By the first Borel-Cantelli lemma,

\mathbb{P}(A_n(a)\ \text{i.o.})=0.

Hence

\limsup_{n\to\infty}\frac{X_n}{\sqrt{\log n}}\leq \sqrt{2a} \qquad\text{a.s.}

Therefore, for every $0<a<1<b$ ,

\sqrt{2a} \leq \limsup_{n\to\infty}\frac{X_n}{\sqrt{\log n}} \leq \sqrt{2b} \qquad\text{a.s.}

Letting $a\uparrow 1$ and $b\downarrow 1$ gives

\limsup_{n\to\infty}\frac{X_n}{\sqrt{\log n}}=\sqrt{2} \qquad\text{a.s.}

Problem: 4.3.6

Let $X_1,\cdots,X_n$ be i.i.d. uniform random variables on $[0,a]$ , where $a>0$ . Set

M_n=\max\{X_1,\cdots,X_n\}.

Prove that $M_n\to a$ both a.s. and in $L^p$ as $n\to\infty$ .

Proof

For every $0<\varepsilon<a$ ,

\mathbb{P}(|M_n-a|>\varepsilon) =\mathbb{P}(M_n<a-\varepsilon) =\left(\frac{a-\varepsilon}{a}\right)^n.

Since

\sum_{n=1}^{\infty}\left(\frac{a-\varepsilon}{a}\right)^n<\infty,

the first Borel-Cantelli lemma implies that

|M_n-a|>\varepsilon

can occur only finitely many times. Taking a countable intersection over positive rational $\varepsilon$ gives

M_n\xrightarrow{\text{a.s.}}a.

Since $0\leq M_n\leq a$ ,

|M_n-a|^p\leq a^p.

Together with almost sure convergence, the dominated convergence theorem gives

\mathbb{E}[|M_n-a|^p]\to 0.

Thus

M_n\xrightarrow{L^p}a.

Problem: 4.3.7

Suppose $X_n\xrightarrow{P}X$ . Prove that there exists a subsequence $\{X_{n_k}\}$ such that

X_{n_k}\xrightarrow{\text{a.s.}}X.

Proof

Since $X_n\xrightarrow{P}X$ , for each $k\in\mathbb{N}^*$ we may choose $n_k>n_{k-1}$ such that

\mathbb{P}(|X_{n_k}-X|>2^{-k})<2^{-k}.

Then

\sum_{k=1}^{\infty}\mathbb{P}(|X_{n_k}-X|>2^{-k})<\infty.

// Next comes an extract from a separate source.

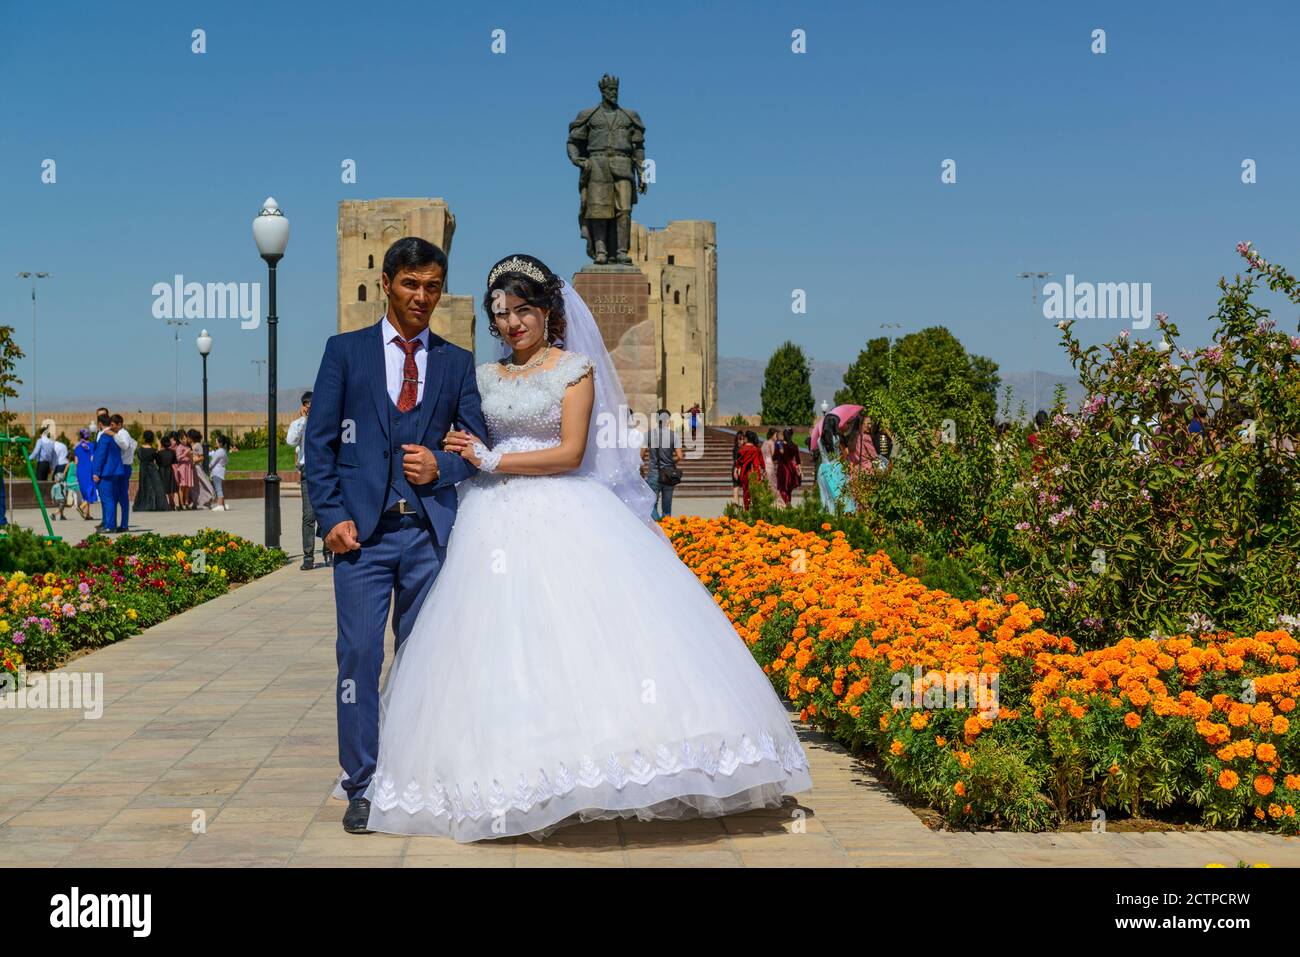 Shahrisabz, le lieu de naissance de Tamerlane est un lieu de prédilection pour les photos de couples de mariage, Ouzbékistan. Banque D'Images

By the first Borel-Cantelli lemma, the events

|X_{n_k}-X|>2^{-k}

occur only finitely many times. Hence, for almost every $\omega$ , there exists $K(\omega)$ such that for all $k\geq K(\omega)$ ,

|X_{n_k}(\omega)-X(\omega)|\leq 2^{-k}.

Therefore $X_{n_k}(\omega)\to X(\omega)$ , and

X_{n_k}\xrightarrow{\text{a.s.}}X.

Problem: 4.3.8

$1$ Let $\{X_n\}$ be independent real-valued random variables with $X_n\xrightarrow{P}0$ , and let $\{a_n\}$ be a positive increasing sequence with $a_n\to+\infty$ . Must we have

\frac{X_n}{a_n}\xrightarrow{\text{a.s.}}0?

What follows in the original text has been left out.